Model selection is the mechanism that puts the right model in each slot, automatically, and keeps the process running when the chosen model is unavailable. It does this across a frontier of cost against capability rather than by a fixed assignment, and that is the design claim worth stating plainly: **the system pays for frontier capability only at the steps where frontier capability changes the output.** Everywhere else it spends down the frontier toward free.

This is three problems, not one, and the architecture answers them in three layers:

- **Fit** — can this model physically run on this hardware? (Resolved once, at install.)
- **Selection** — given a catalog of hundreds of endpoints, which handful is worth considering for a slot, given what it costs and how capable it is? (The cost/capability frontier algorithm.)
- **Routing** — which model fills each slot *right now*, and what happens when it is offline, rate-limited, or constrained? (Runtime resolution with graceful degradation.)

Each layer solves a distinct failure mode. I will take them in order.

---

## Layer 1 — Hardware fit

**The design claim: estimate a model's memory requirement from its parameter count and quantization level, never from its file size.**

A model that does not fit in RAM does not run — or it runs by swapping to disk at a latency that makes it useless. So fit is a hard gate before anything else. The naive approach is to read the file size on the model repository and compare it to available memory. It is wrong often enough to be dangerous, for two reasons: a repository may store weights behind XET pointers (the listed files are kilobyte stubs, not the multi-gigabyte weights), and file size on disk does not predict resident memory once the weights are dequantized and the inference engine's working buffers are allocated.

The reliable estimate comes from two numbers the model always carries — its parameter count and its quantization level.
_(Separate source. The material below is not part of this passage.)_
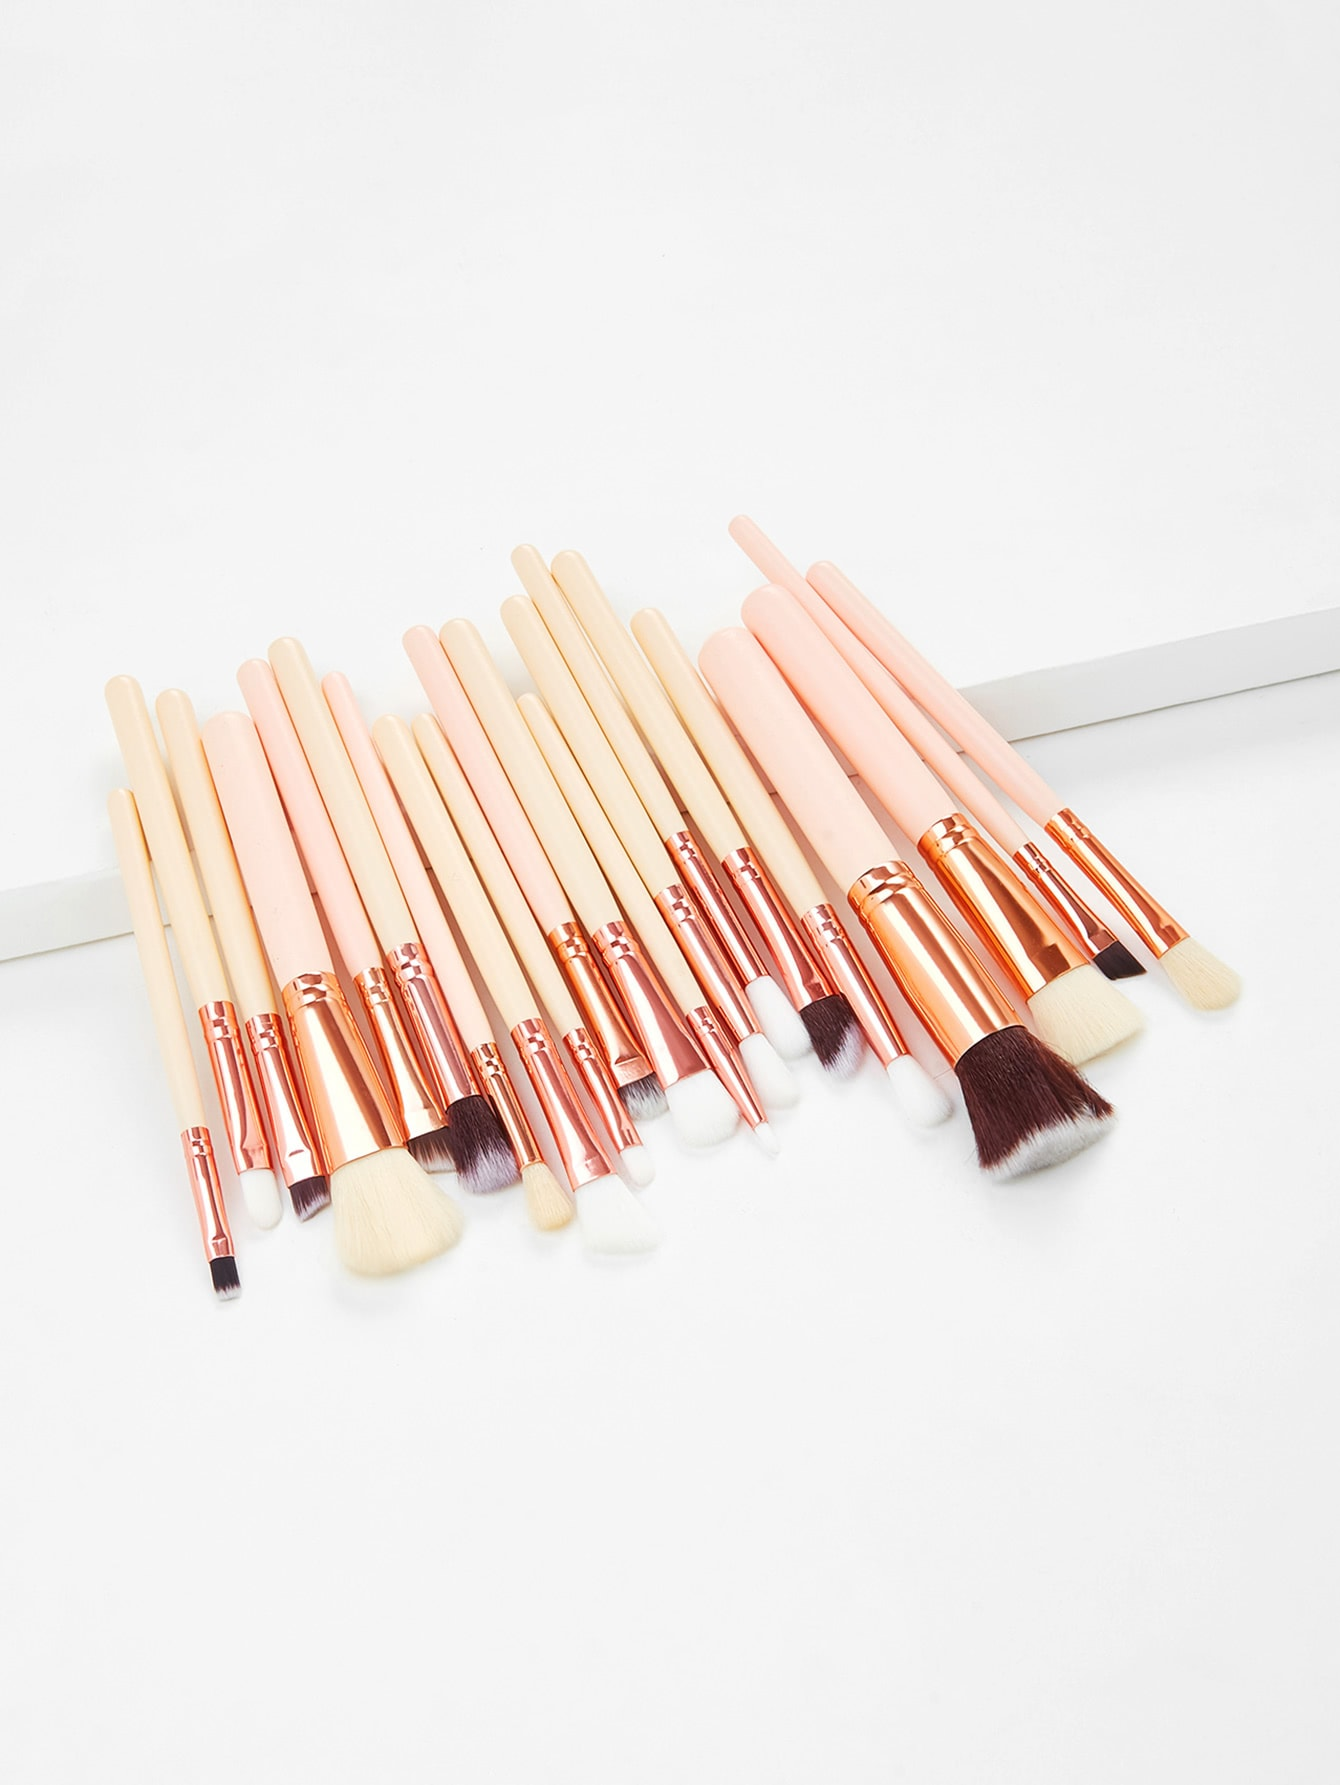 Professional Makeup Brush 20pcs

*Quantization* is the precision at which weights are stored. Lower precision trades a modest amount of quality for a large reduction in memory. The resident-memory estimate follows directly:

- **4-bit:** ≈ 0.5 GB per billion parameters
- **8-bit:** ≈ 1.0 GB per billion parameters
- **16-bit (full precision):** ≈ 2.0 GB per billion parameters
- plus ≈ 2 GB of overhead for the inference engine and working buffers.
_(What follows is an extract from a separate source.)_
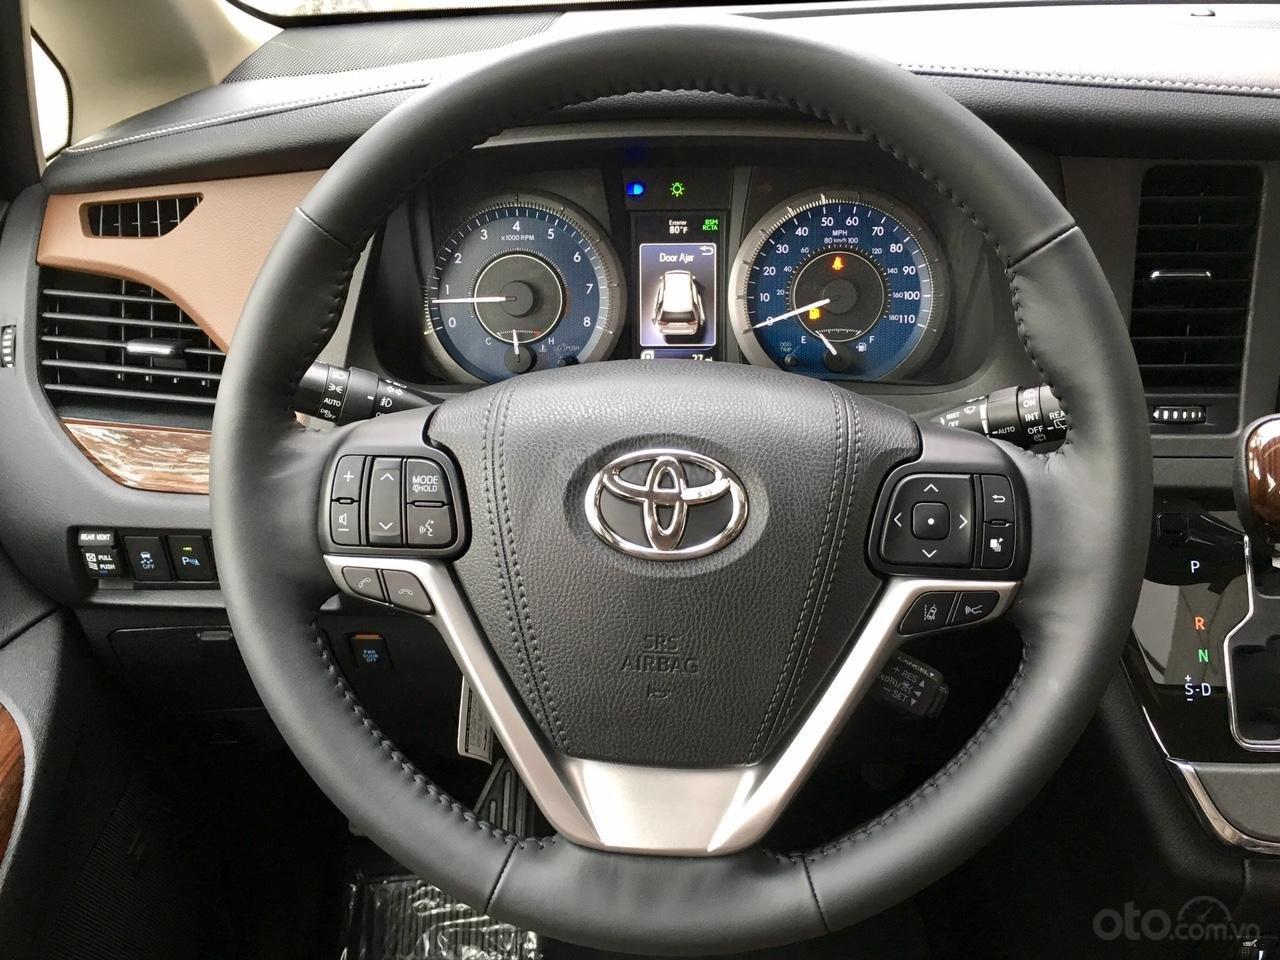 Bán Toyota Sienna Limited 2020 bản 1 cầu, giá tốt, nhập Mỹ giao ngay toàn quốc- LH 0945.39.2468 Ms Hương (24)

The budget the estimate is checked against is `AVAILABLE_MODEL_RAM = total system RAM × 0.75` — the remaining quarter is left to the operating system and the application. A model whose estimate exceeds that budget is a hard block, not a warning.

*Mixture-of-Experts (MoE)* models need a second number. An MoE model has a large total parameter count but activates only a fraction of it per token. The memory estimate must use the **total** count — all weights load into RAM whether or not they fire on a given token — but the *capability* the model delivers tracks the **active** count. A 120B model that activates 4 of 128 experts reasons closer to a 4B dense model while occupying the RAM of a 120B one. The operative metric is active parameters per gigabyte of resident memory: dense models deliver roughly 1.5–2.0 B/GB; an MoE model can deliver as little as 0.06 B/GB. So the fit layer prefers dense models for reasoning work at any tier where a useful-size dense model fits in budget, and reaches for MoE only when RAM is too tight for any dense model worth running.
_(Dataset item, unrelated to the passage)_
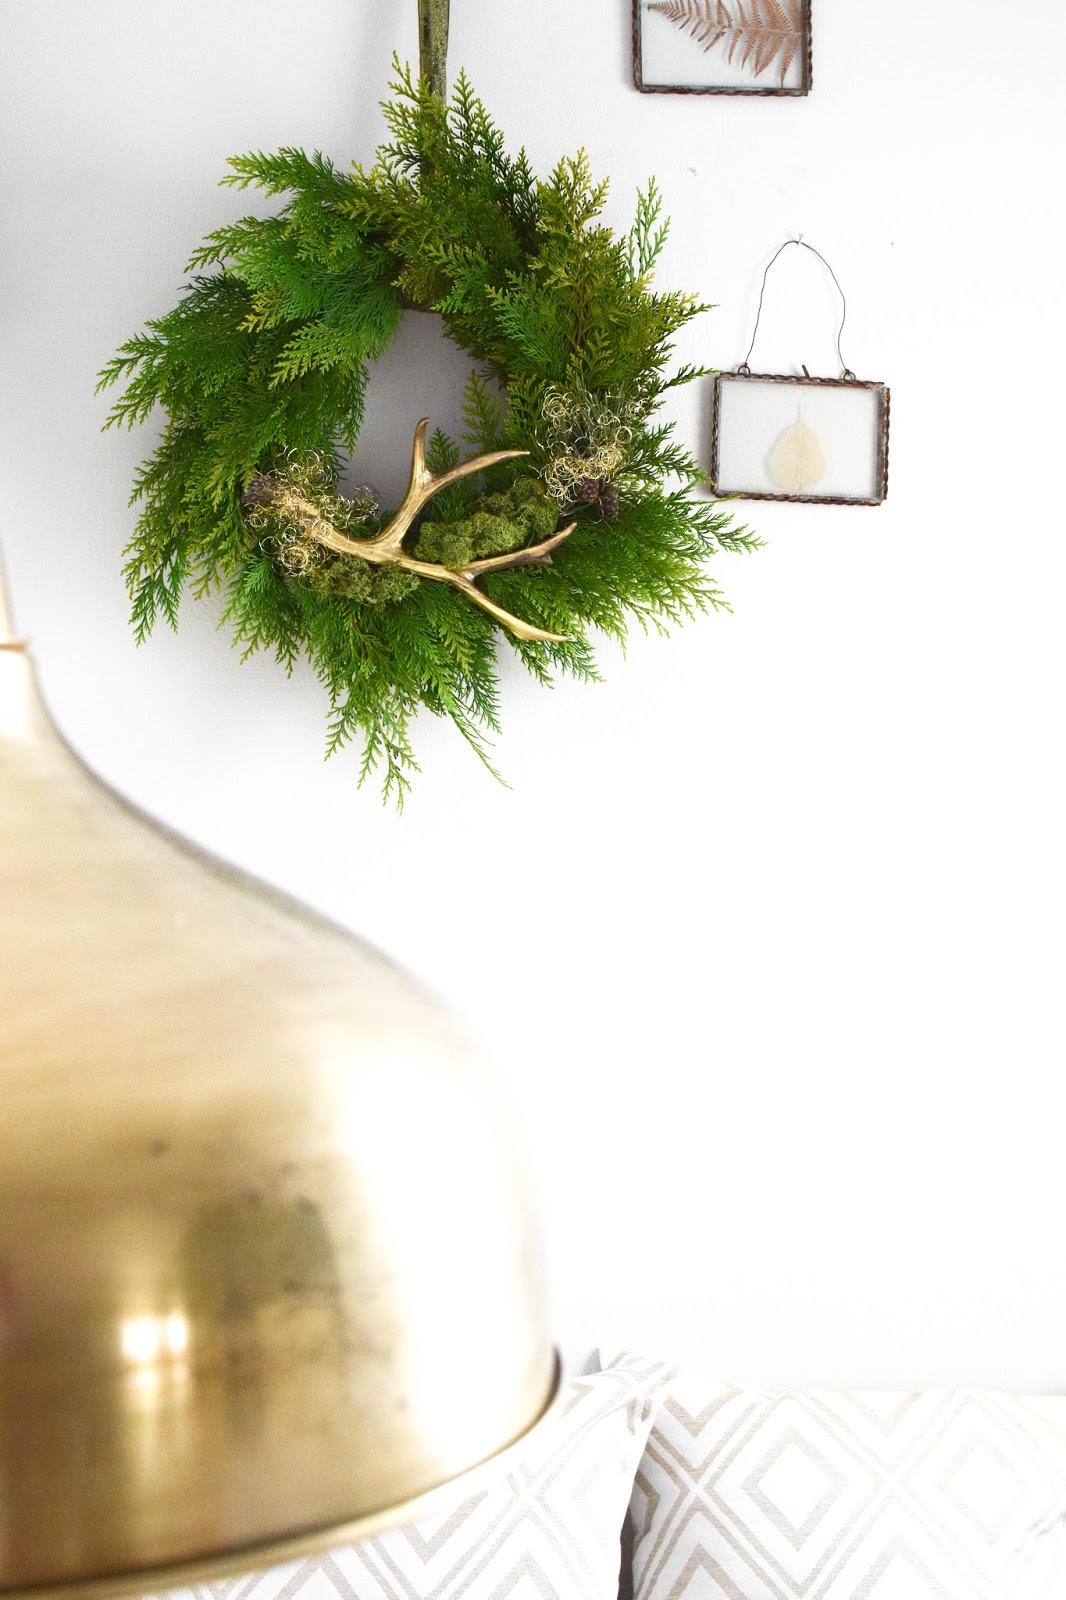 DIY Kranz selbermachen einfach und schnell mit Thuja, Kiefer, Geweih und anderen natürlichen Materialien.Thuja binden Deko Dekoration Dekoidee für Winter und Frühling. Perfekt für Haustüre, Fenster und als Wanddeko. Selbstgemachter Kranz

Fit also sorts hardware into capability tiers, which become the default ceiling on what auto-selection will pick:

| Tier | `AVAILABLE_MODEL_RAM` | Dense model at 4-bit |
|---|---|---|
| 1 | 6–11 GB | 3–7B |
| 2 | 12–23 GB | 7–14B |
| 3 | 24–47 GB | 30–70B |
| 4 | 48–95 GB | 70B+ |
| 5 | 96+ GB | two large models concurrently |

**The tradeoff this layer carries forward is the tool-calling reliability floor.** Reliable tool calling — the model emitting a well-formed call the harness can execute — degrades below roughly 13B at 4-bit, or 7B at 8-bit. A Tier-1 machine can run a model that converses well and calls tools badly, and tool-call failure is a per-step reliability erosion that the upper layers cannot fully recover. Fit surfaces this rather than hiding it: a small-model selection ships with the tool-reliability caveat attached.

**Alternative considered and rejected: size-from-file.** It is simpler and needs no parameter parsing. It was rejected because it silently mis-estimates under quantization and breaks entirely on XET-pointer repositories — and the failure is a model that downloads, then will not load, after the user has waited for the download. A wrong answer that arrives late is worse than a slightly more expensive check up front.

---

## Layer 2 — The cost/capability frontier

This is the layer the rest of the system is named for, and the one most worth getting right.

**The problem:** the catalog holds hundreds of candidate endpoints — at the time of writing, 358 models across 431 registered endpoints, spanning local weights and a dozen commercial providers. No human ranks those by hand, and re-ranking them by hand every time a provider ships a model does not scale. The system needs an algorithm that, given a slot and a budget posture, returns the few models worth using.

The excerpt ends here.